Known to be a counterpart of the champagne flute, a stange glass is slim, elegant, and tall. Its tiny mouth and body make it ideal for light-bodied beers. The stange glass, unlike the more popular pint glass in the US, is a traditional beer glass for German beers as it can only carry fewer than 7 ounces of beer.

26. Boot Glass

Boot Glass

A boot glass may seem odd, but there’s a story behind how it became a thing, and it’s a legit type of beer glass to this day.

A German commander who challenged his soldiers experienced the fate of being dared to drink beer from a leather boot. So that he wouldn’t have to sip his beer from his filthy boots, the crafty general had a glassmaker create a glass in the shape of a boot.

The clean alternative to filthy boots is the boot beer glass or bierstiefel, as Germans call it. The largest size can carry up to 2 liters, or 67 ounces.

If you don’t know how to drink from it, the boot’s toe forms a hollow as you sip until bubbles force the drink out more forcefully. The trick is to angle your toe slightly to one side. It would slow down the flow from the boot through your throat.

How the Type of Glass Affects the Taste of Beer

Beer is a widely popular beverage, and your way of serving it can significantly impact its taste. 

Firstly, the shape of the glass in which you’ll choose to pour beer can affect the taste of the beer, as it can affect the aroma, carbonation, and temperature of your beer. 

Glass shape matters as the way you’ll manually fill it up with beer affect the release of the beer aroma that affects the beer taste and drinking experience quality while you pour. For example, a tulip-shaped glass can help with the concentration of the smell of the beer, while a wide-mouthed glass can help to disperse the aroma. 

The shape of the glass can also affect beer’s carbonation as it gets released while pouring it into particular types of glassware.

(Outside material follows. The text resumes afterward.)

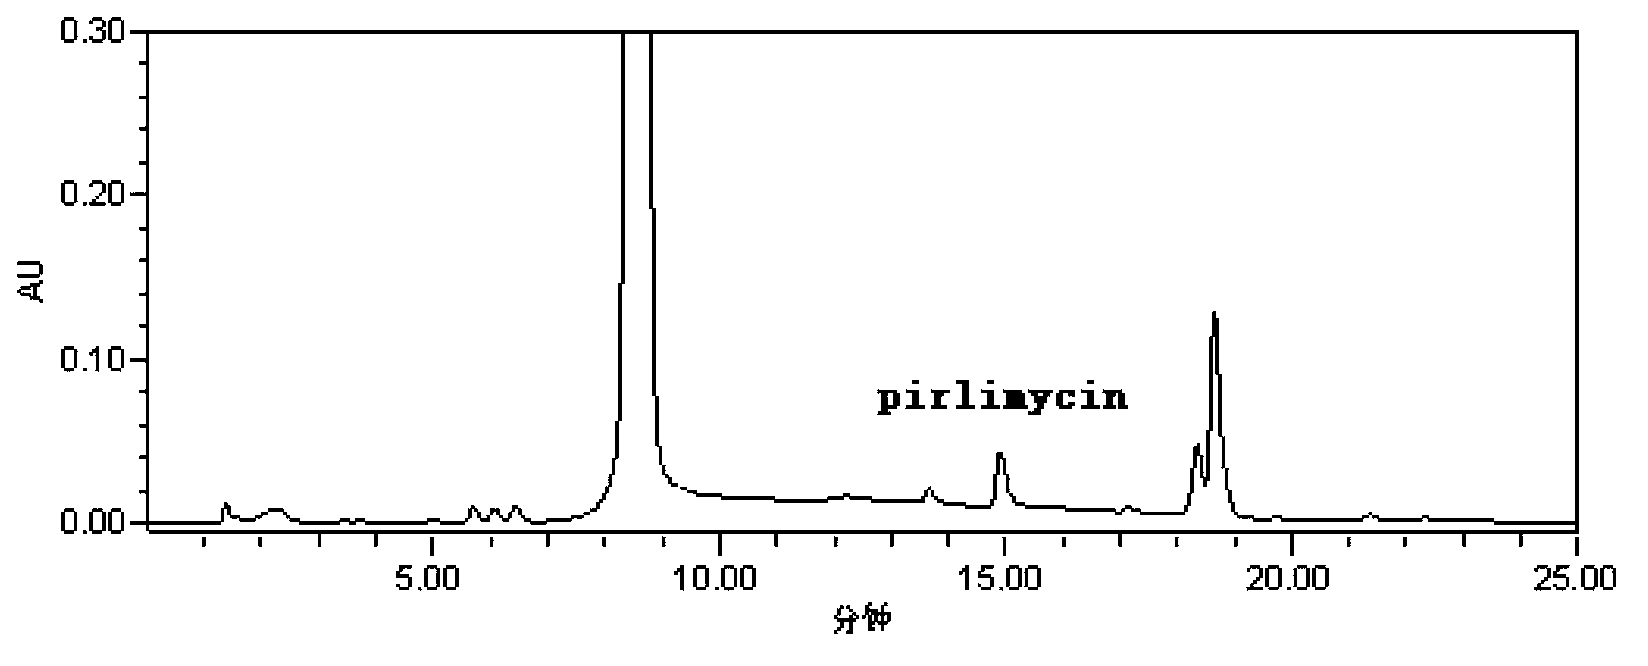 Pirlimycin residue analysis method

For example, a tall, narrow glass can help retain the carbonation of the brew, while a wide-mouthed glass can help to release the carbonation.

The temperature of the beer can also be affected by the shape of the glass. A tall, narrow glass can help keep the beer cooler for longer, while a wide-mouthed glass can help release the heat of the beer more quickly. While pouring a particular glassware type, beer flows more slowly and evenly on tall, narrow glass, while beer flows faster and unevenly on wide-mouthed glass.

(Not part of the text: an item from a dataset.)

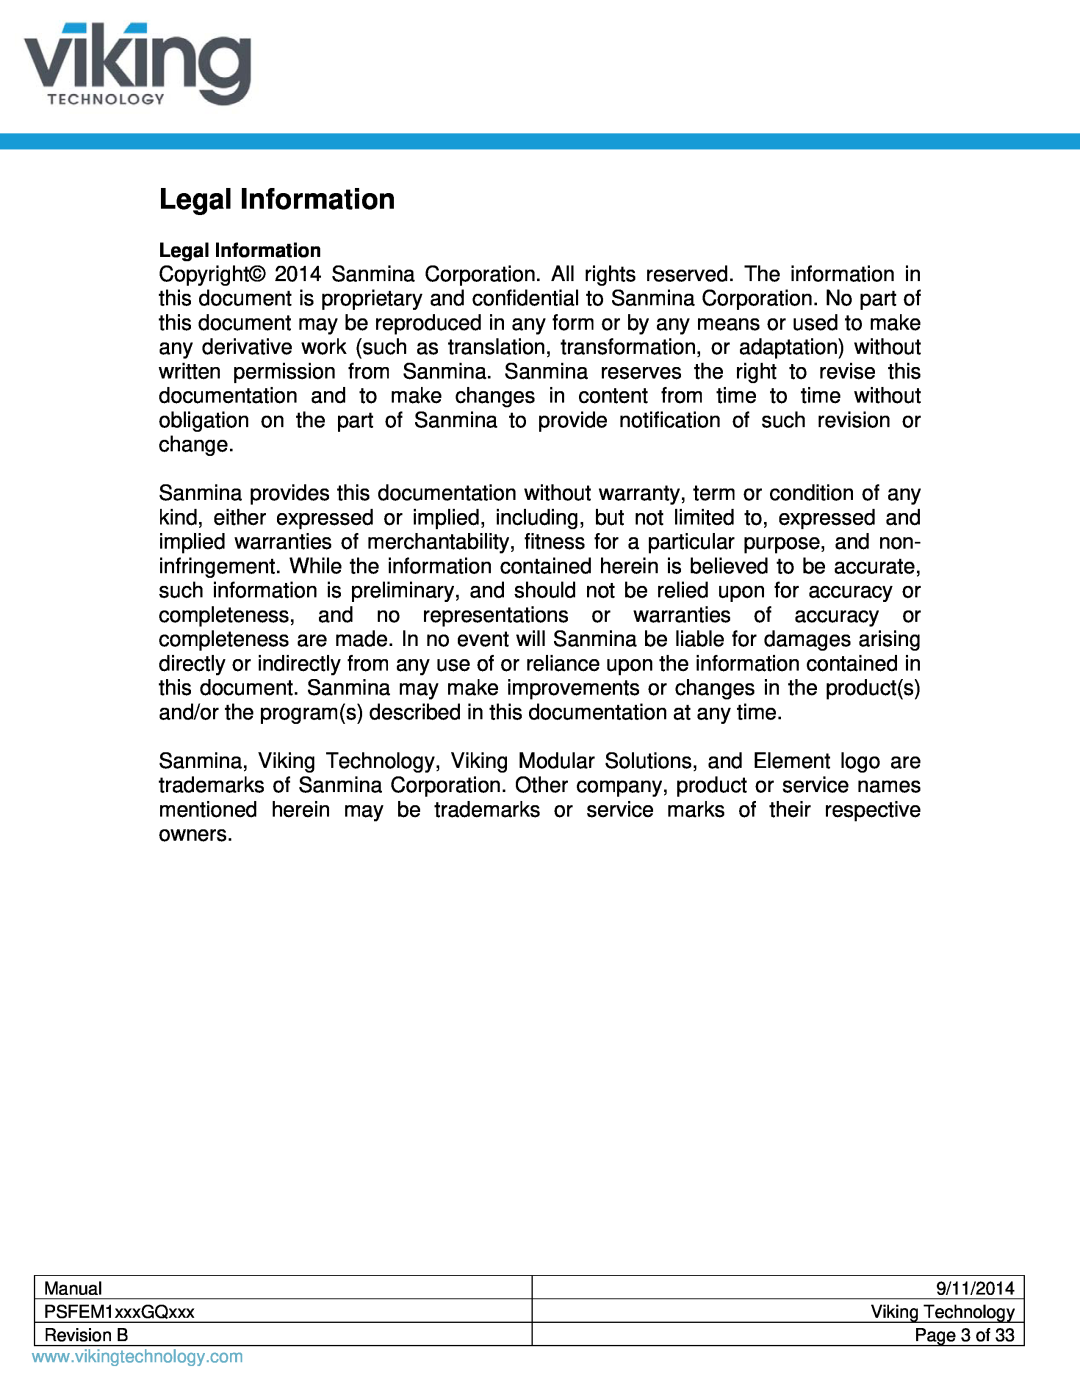 Viking PSFEM1xxxGQxxx manual Legal Information

Lastly, there is a connection between glass shape and beer flavors and dependency on how the brew flows through them. For example, a tulip-shaped glass can help condense the beer flavor, while a wide-mouthed glass disperses the flavor.


The beer glass is a critical part of the drinking experience. It’s not just about the choice of beer you’ll drink but also how you pour it. 

While there are many different types of glasses out there, and each one serves a unique purpose, they all have one thing in common: they help enhance the flavor of your beer by allowing you to smell and taste it more fully than if you were drinking straight from a bottle or can.

If you’re eyeing to be a beer expert and host the best drinking party, pick up new glasses for yourself and your drinking buddies.